I’m 48, soon to be 49, and last year I went six months without getting my period. I thought to myself, this is it! No more dealing with PMS bloat, or cramps or worrying about having to change myself like a baby every few hours during that time of the month. As weeks, then months went by without so much as spotting I was sure this was it—menopause. Since the average age of menopause is 50, it would have been a little early, but considering that I had an ovary removed due to endometriosis a few years ago, it totally made sense that I could be experiencing it a little earlier than most.
With no menstruation to deal with, I was very happy with the way things were going. It was nice to not have to worry if I was leaking through my jeans (haven’t we all sported the sweatshirt-tied-around-your-waist look?) and to not have to count dates on the calendar to see “when it was coming.” For decades, my period was an impending disaster on the horizon, and I had to arm myself with the necessary products, a combination of tampons in various absorbencies from “lite” to “regular” to “giant torpedo of cotton inside your vagina” sizes. Now without this nuisance I began to plot the Caribbean trip I would take with all of the money I’d be saving on Tampax Pearl.
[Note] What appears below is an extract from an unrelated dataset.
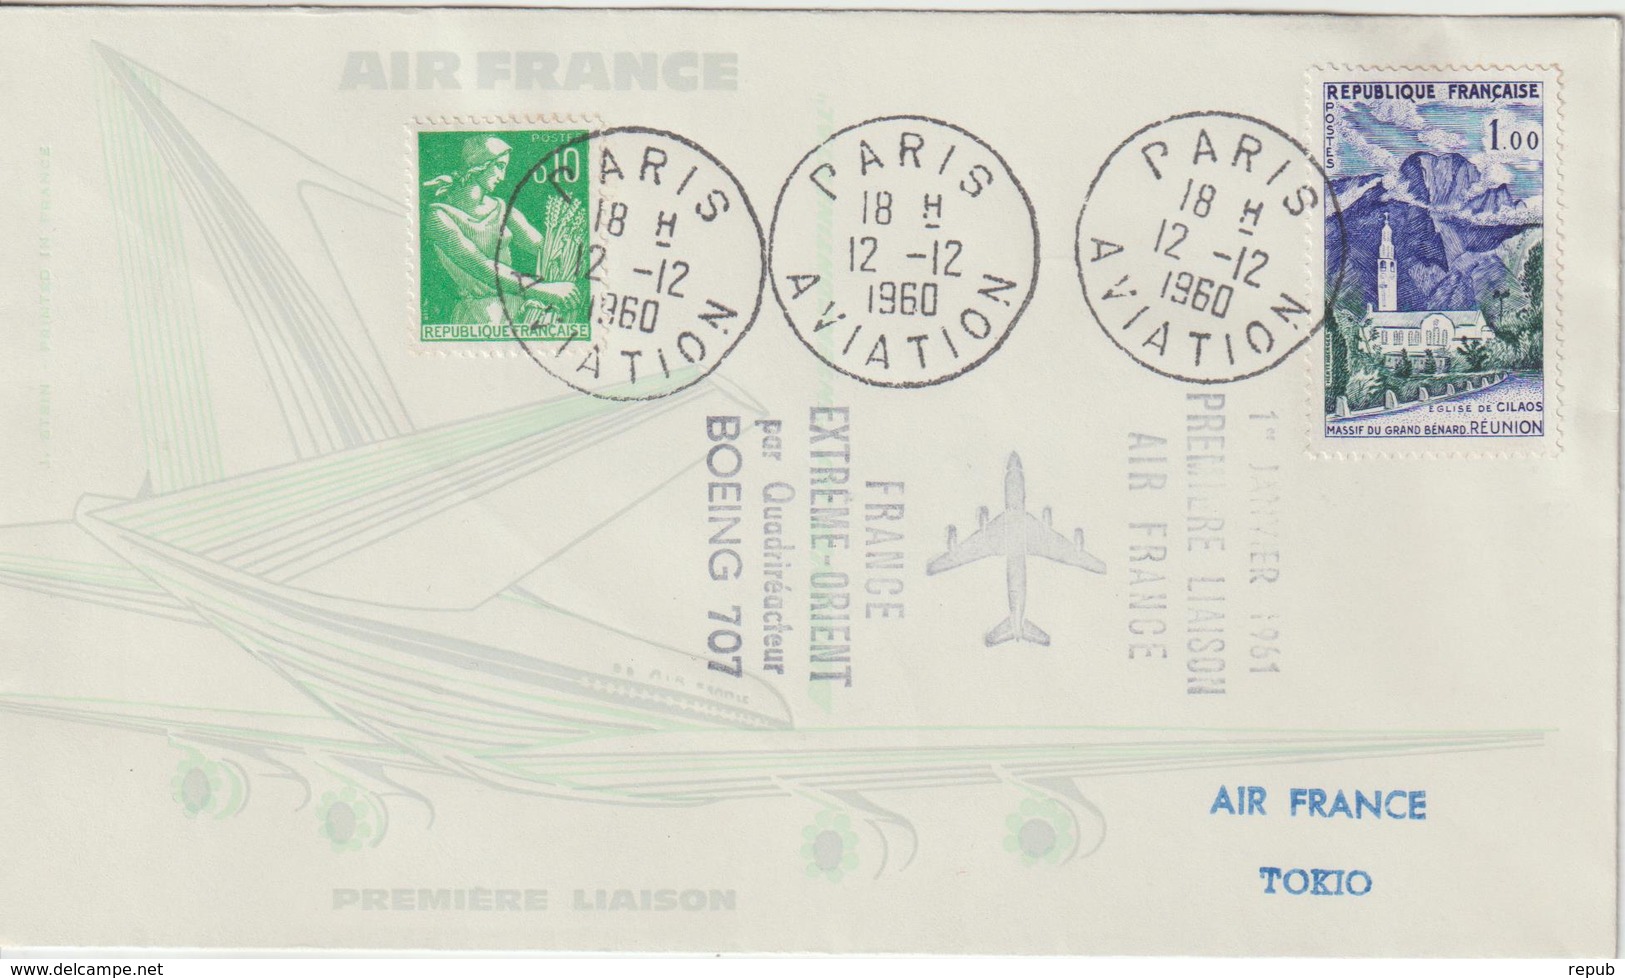 France 1960 Première Liaison Air France Paris Tokyo - Premiers Vols

There I would be, carefree on vacation with no worries of a white string peeking out to ruin my poolside style. I would get an extra shot of rum in my pina colada with all the cash I’d no longer be giving to Always.
And yet…something inside me felt a little weird about the idea that I’d no longer be fertile. I have two kids—11-year-old boy/girl twins—and there is no part of me that wants more children. Our family of four is complete, a decision that was made not long after they were born when my husband got a vasectomy. Objectively I knew that I could be “no longer of childbearing age” and still be a sexy, vibrant, viable woman. So many of my female idols are over 50—from Rachel Weisz and Lisa Edelstein to Emma Thompson and the AbFab ladies. All of the Spice Girls are my age, and there’s no way they would ever lose their spice. Although I knew this, the truth is that part of me couldn’t shake the image of my anatomy as something withered up and old, no longer able to perform its purpose.
Then just as I was beginning to feel wistful for those pads with wings, my period came back with a vengeance. There I was, just like old times, curled up in a ball on the couch, holding a heating pad over my uterus and praying to God to bring me relief, or at least some dark chocolate Bark Thins.